Residents in areas hit by natural disasters responded to Prime Minister Shinzo Abe’s announcement Friday of his decision to resign with words of gratitude and concern.
“The current administration supported us well, and we were able to speedily push forward with reconstruction,” said Yoshihide Abe, 52, head of a group aimed at rebuilding the town of Onagawa, Miyagi Prefecture. Regarding the next prime minister, he said, “I believe the change to a younger generation will lead to good results.”
The town’s center, which was destroyed by the March 2011 tsunami, has seen major progress in reconstruction, with a processing plant, train station and other facilities rebuilt.
“I felt Prime Minister Abe has always cared about disaster areas,” vocational school student Shinya Sasaki, 19, said. “I wanted him to continue.” Abe once visited his high school in the town of Otsuchi, Iwate Prefecture, which was also damaged by the tsunami.
Tamiko Ando, 74, lived in the town of Tomioka in adjacent Fukushima Prefecture at the time of the quake and tsunami. Following the unprecedented triple core meltdown at the Fukushima No. 1 nuclear plant, which suffered a blackout, she was forced to move further inland to Koriyama. “I wanted him to exercise his leadership a bit more,” she said.
“I have no expectations” for the Tokyo Summer Olympics and Paralympics, she said, citing Abe’s September 2013 comments during Tokyo’s bid that the Fukushima nuclear disaster was “under control.”
“I want the next prime minister to take action and push forward postdisaster reconstruction,” Ando said. The Tokyo Games have been postponed by a year to 2021 due to the novel coronavirus pandemic.
In Kyushu, residents of Kumamoto Prefecture who experienced widespread damage from the April 2016 earthquakes and this year’s heavy rain expressed thanks.

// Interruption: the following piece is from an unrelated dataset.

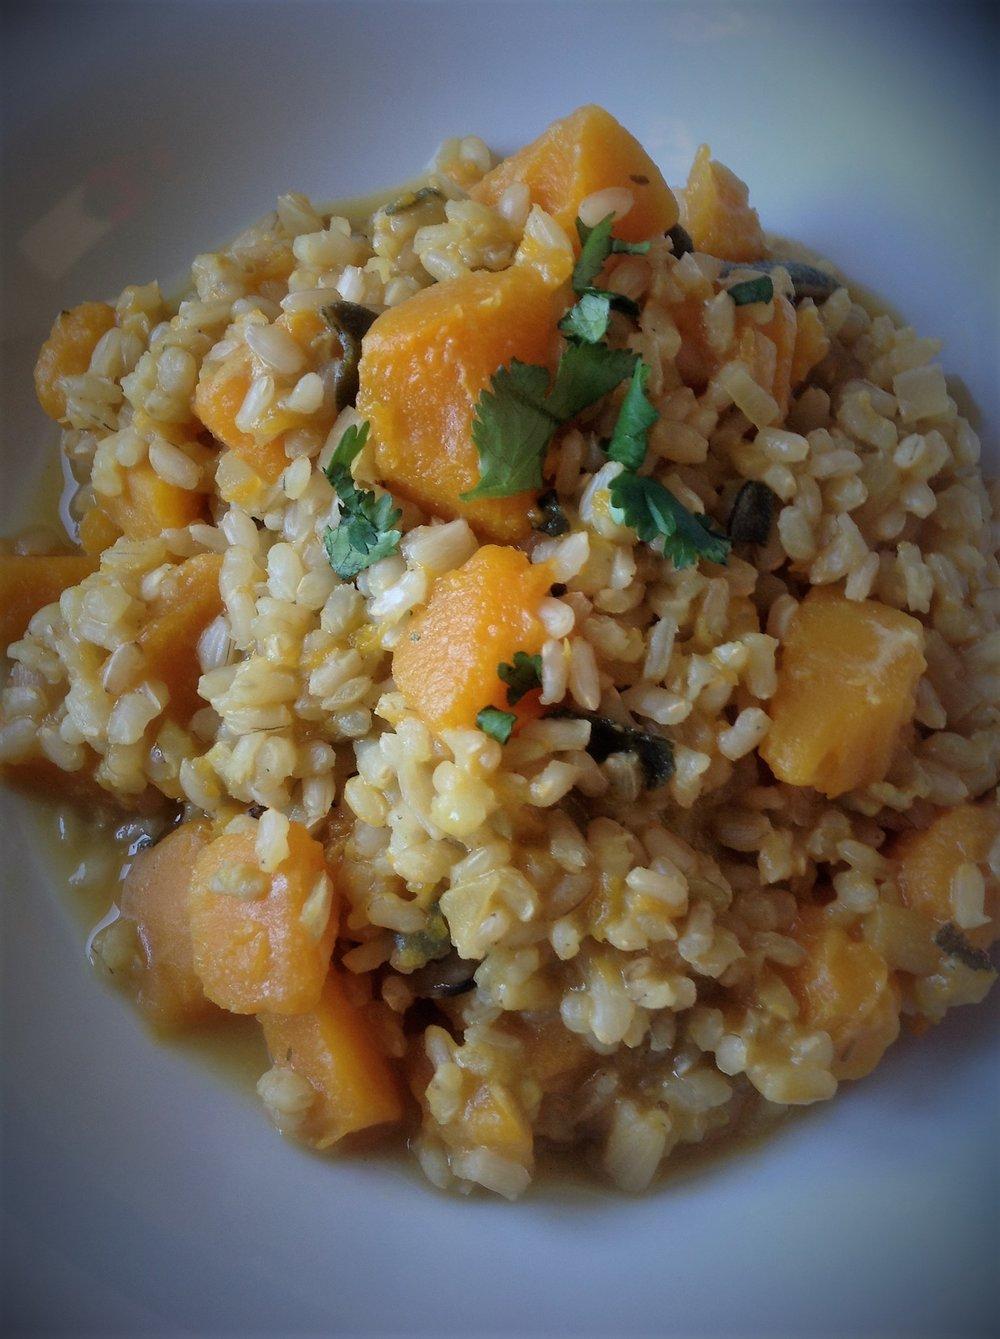 Butternut Squash Brown Rice Risotto - Vegan, Gluten-free, Healthy Italian classic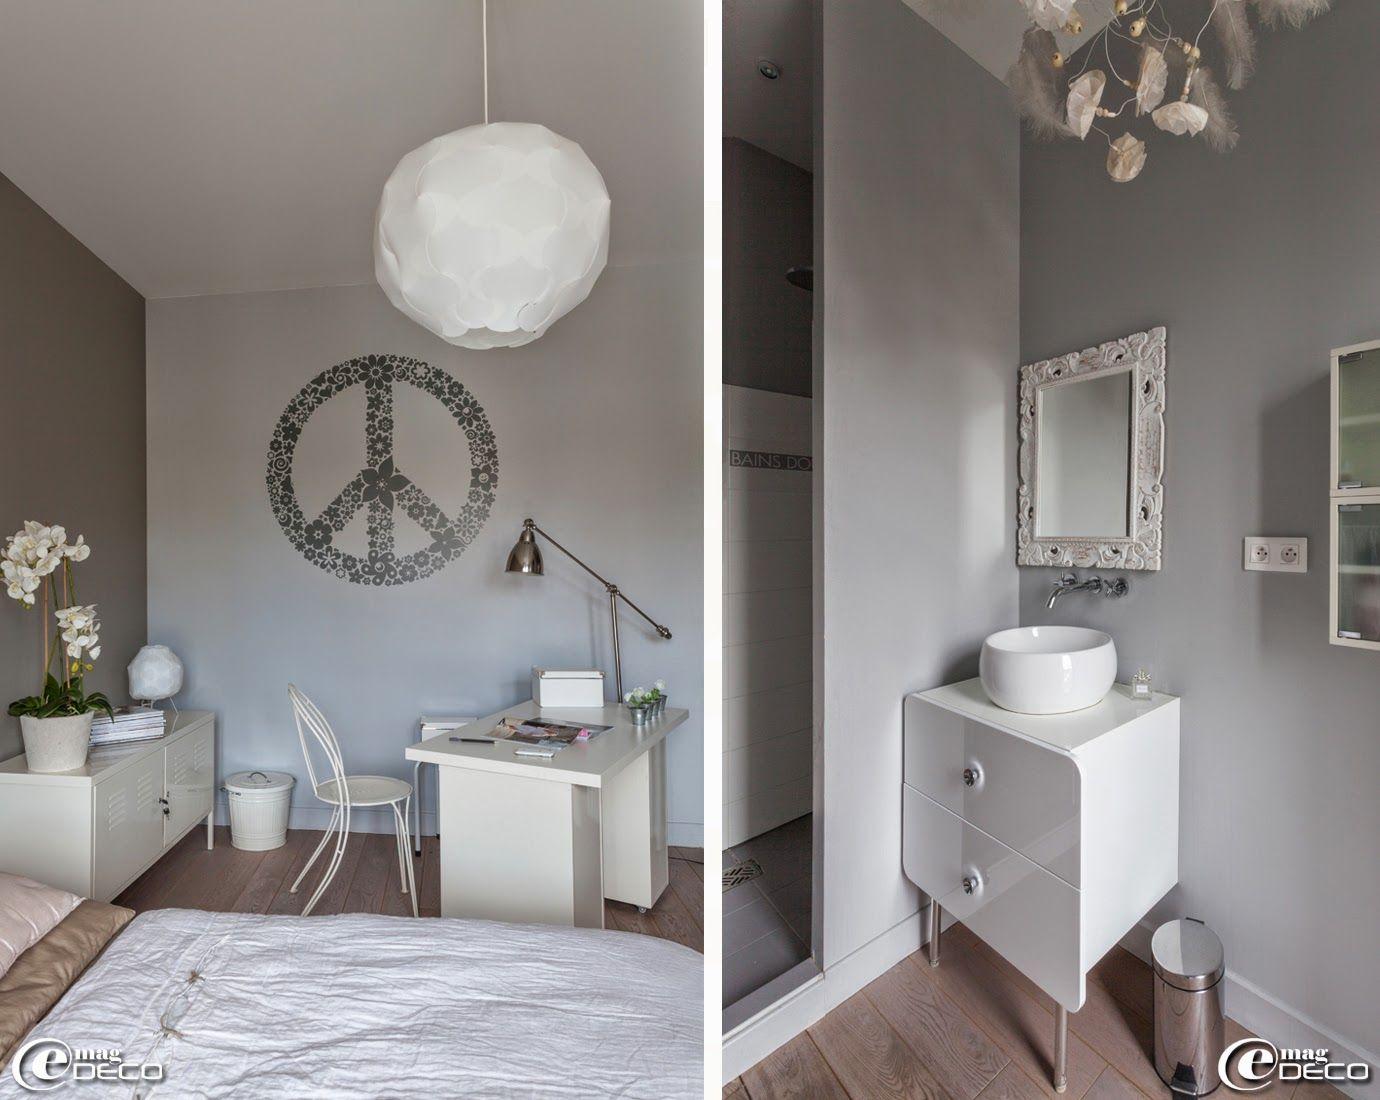 ikea meuble cache bidet trendy armoire lavabo salle bain ikea with evier salle de bain ikea. Black Bedroom Furniture Sets. Home Design Ideas

“I’ve heard he is sick, so it can’t be helped,” said a 70-year-old woman who was surprised by news of Abe’s decision. She was forced to move into a shelter in Hitoyoshi following the rain disaster.
“I am worried about my life from now on,” she said.
A 46-year-old man whose home in the village of Kuma was inundated by flood waters, believes Abe “had lots on his hands” due to having to respond to both the coronavirus pandemic and natural disasters.
“I want aid measures to continue” under the next prime minister, he said.
Mayumi Tominaga, 61, a resident of the city of Kumamoto who represented relatives of the victims of the Kumamoto quakes at a memorial service in April 2017, thanked Abe for expressing his intent to support disaster victims at the ceremony.
But she also said she hopes the next administration will “listen to small voices,” noting that her mother died from the effects of living in a car after the quakes, and that the current government did not provide enough support to such people.